* _Problem to work on_
From top to bottom, print the listing word for word and skip any pictures it contains.

* _Exercise data_
▽

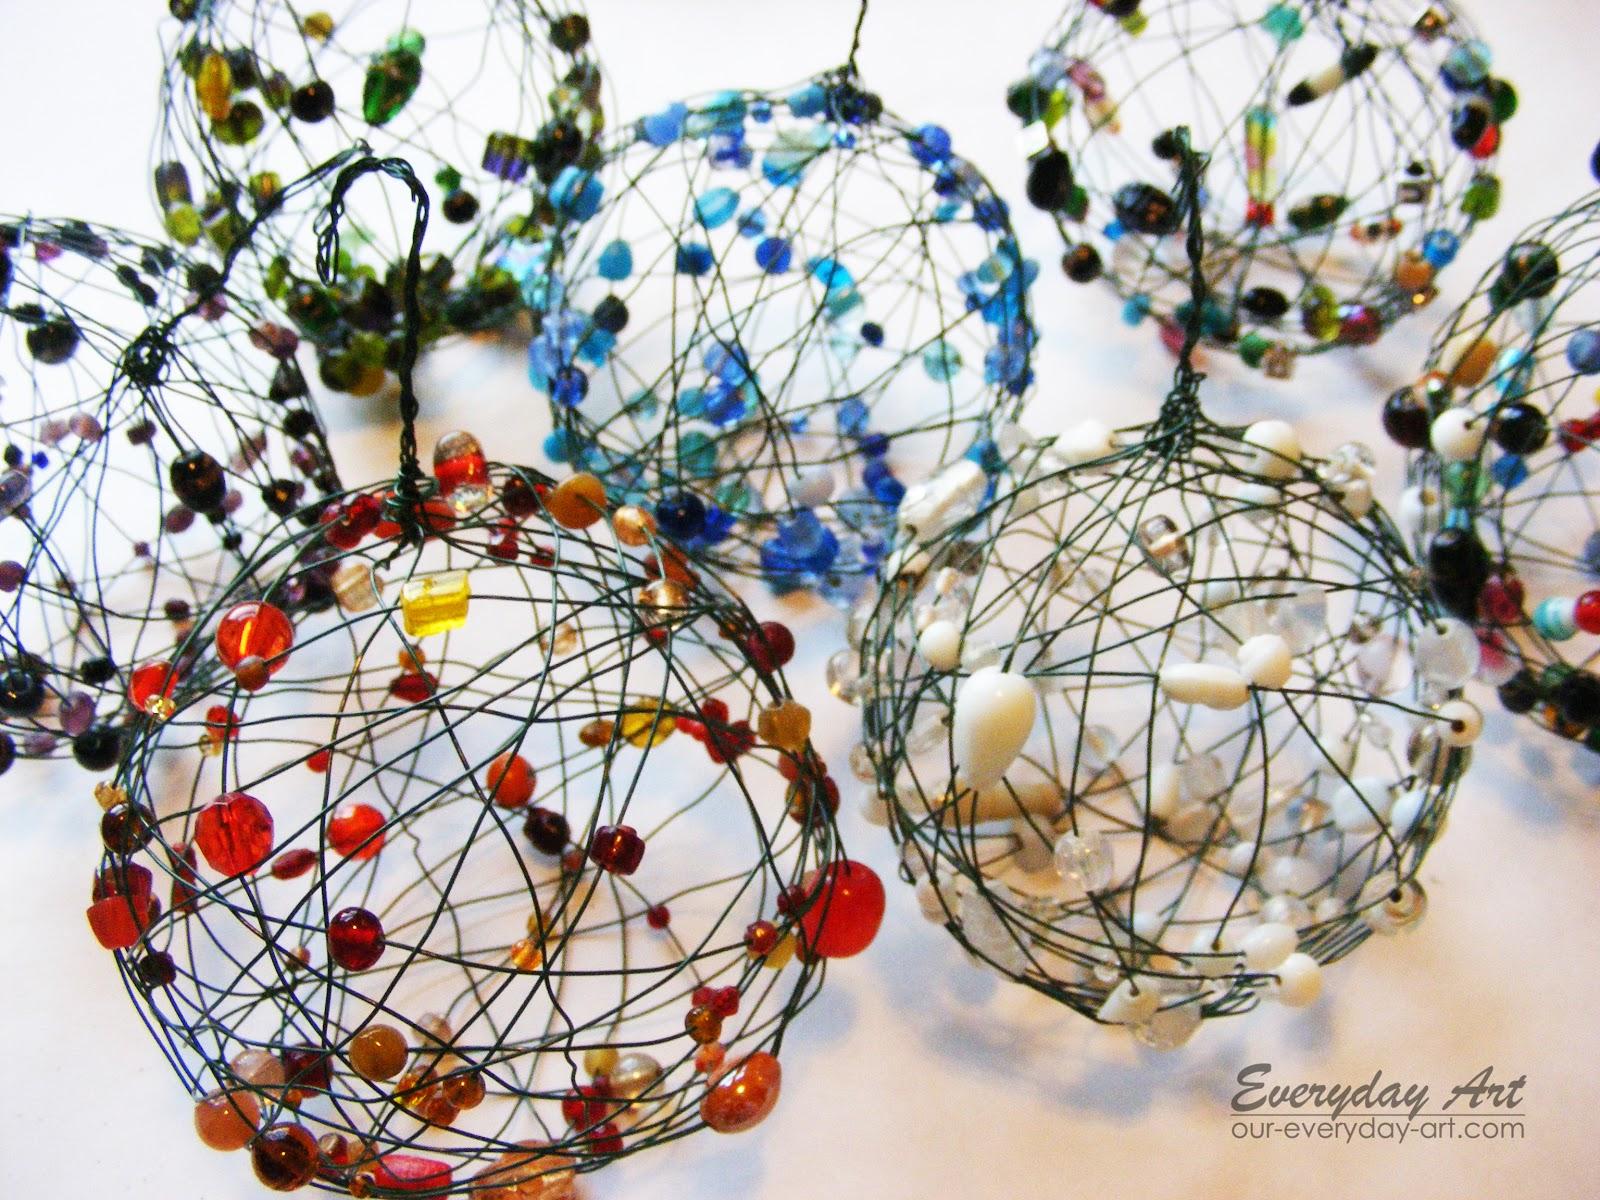 Handmade christmas ornaments with beads - Handmade Christmas Ornaments With Beads 22
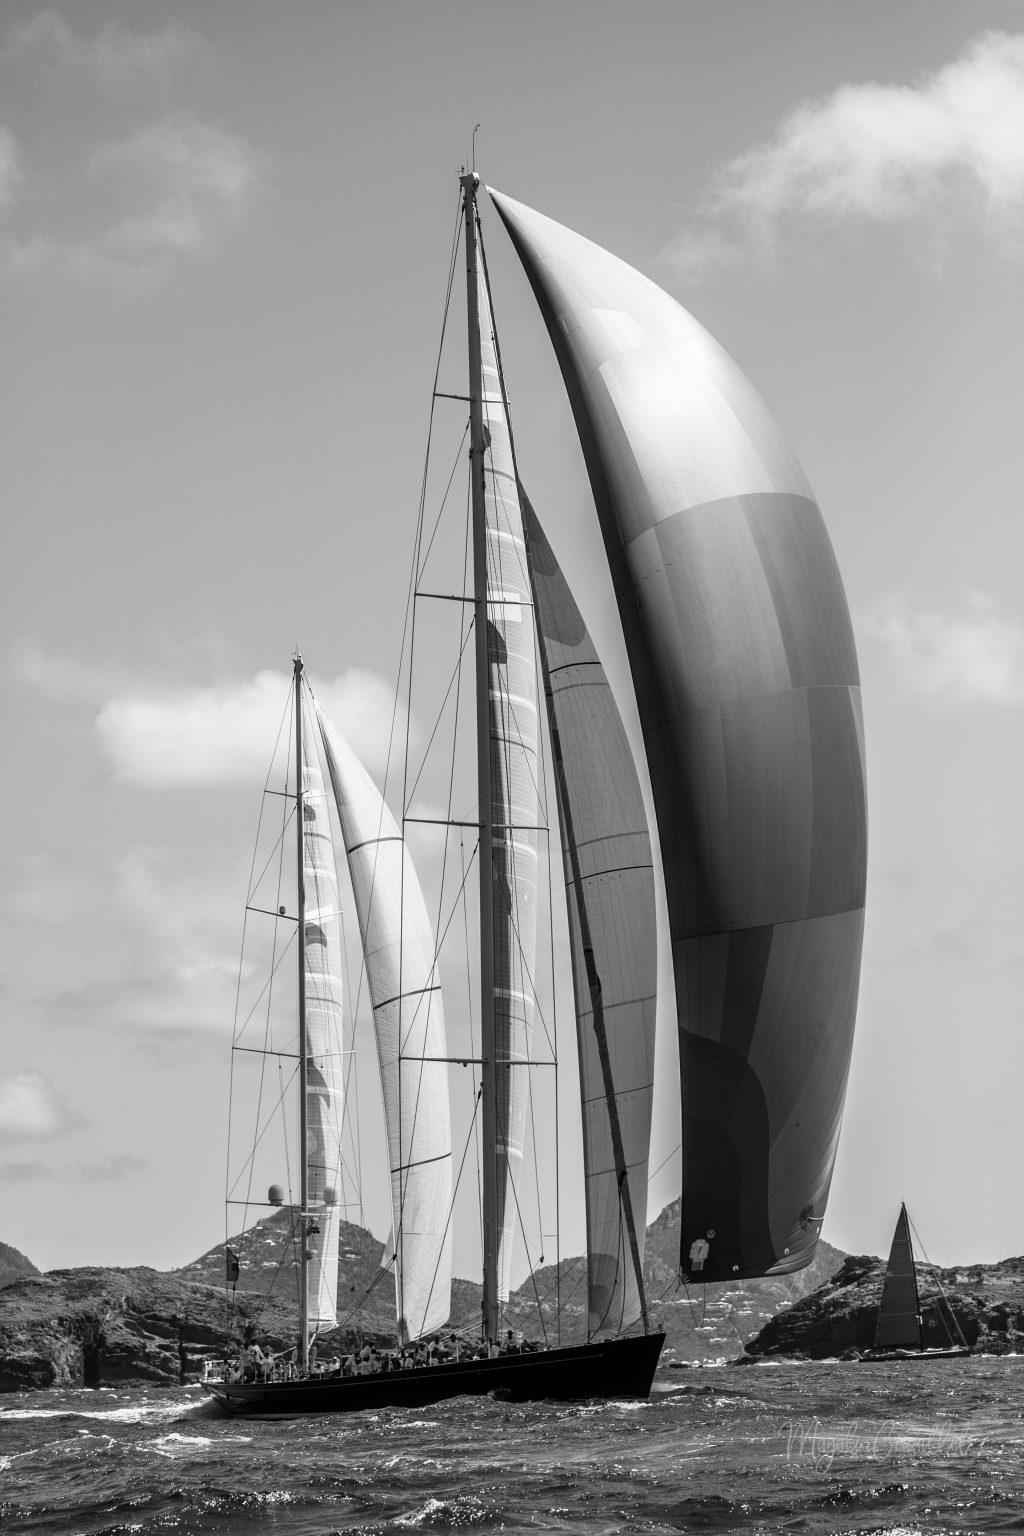 Sail Yacht, Bucket Regatta 2019 St Barths-16
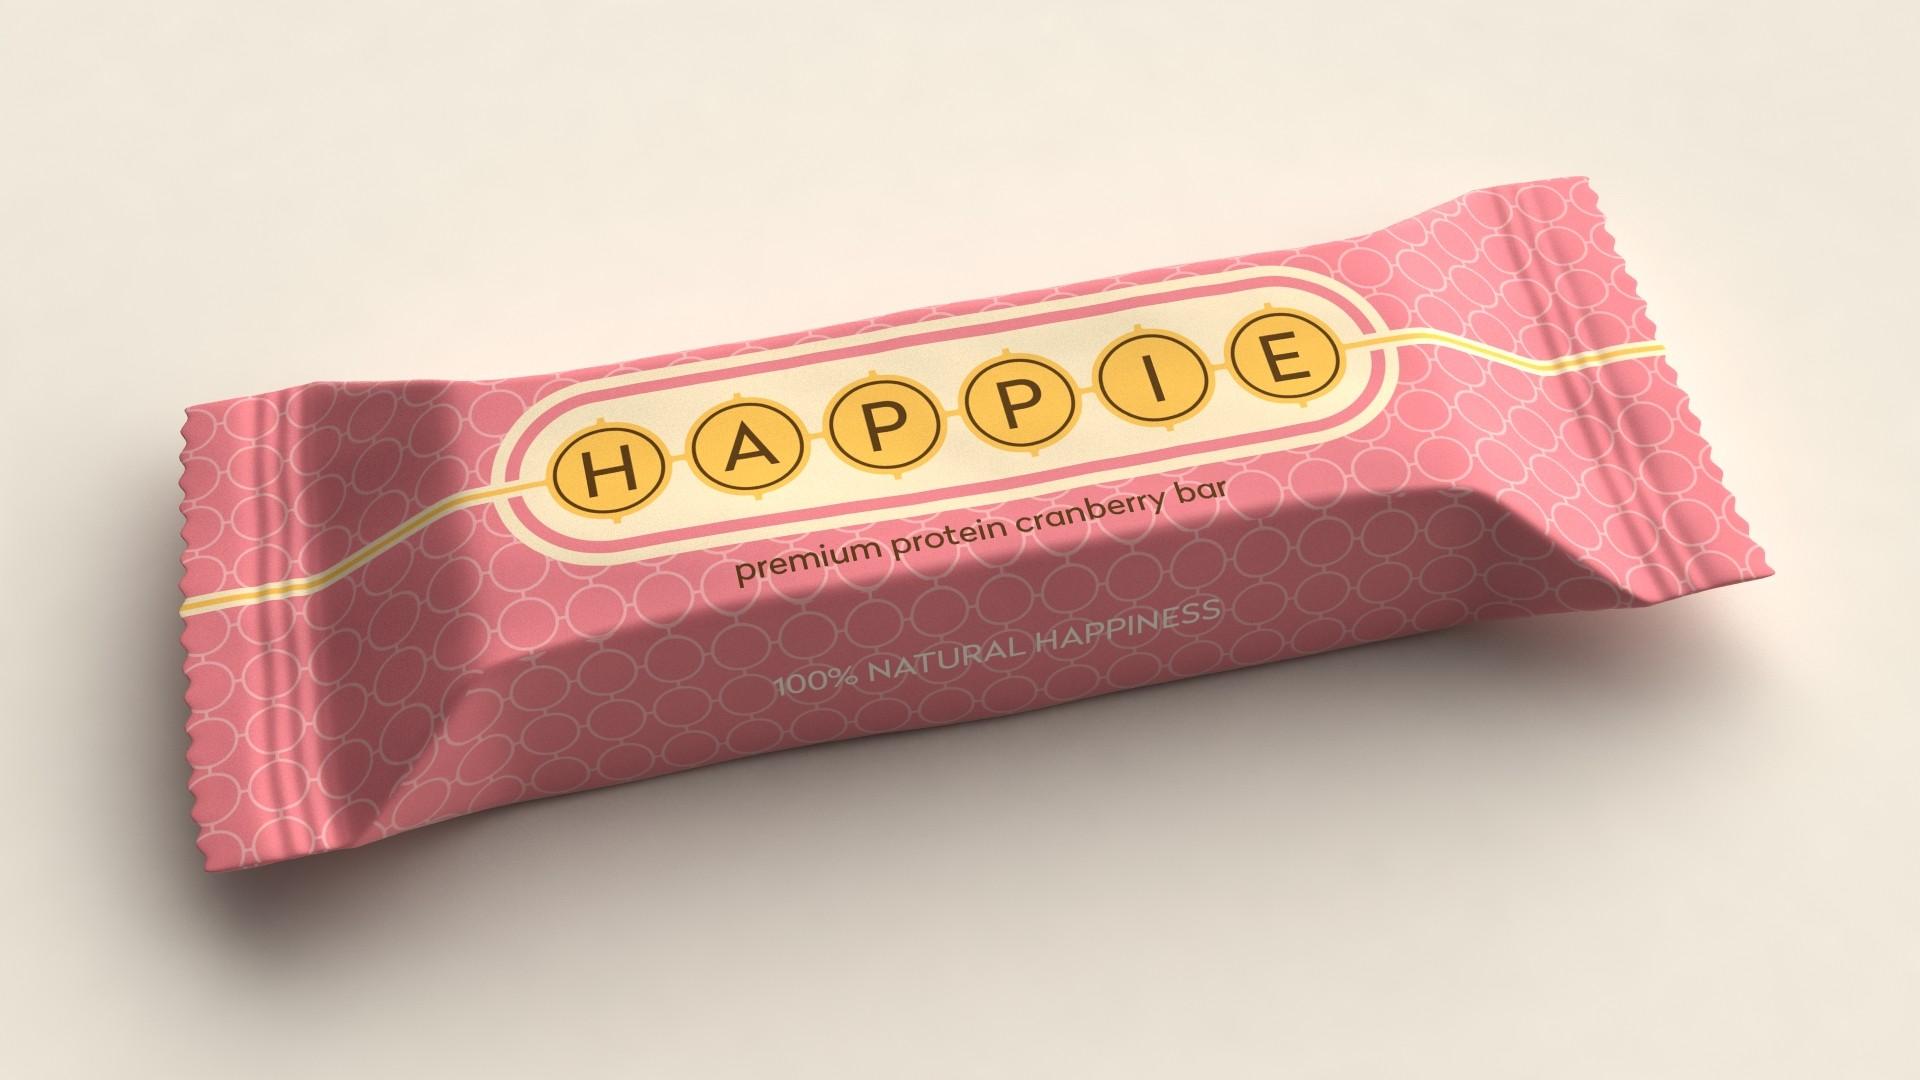 Happie Protein Cranberry Bar ds. 12st. van 50gr.

△

* _Finished exercise_
 Handmade christmas ornaments with beads - Handmade Christmas Ornaments With Beads 22
 Sail Yacht, Bucket Regatta 2019 St Barths-16
 Happie Protein Cranberry Bar ds. 12st. van 50gr.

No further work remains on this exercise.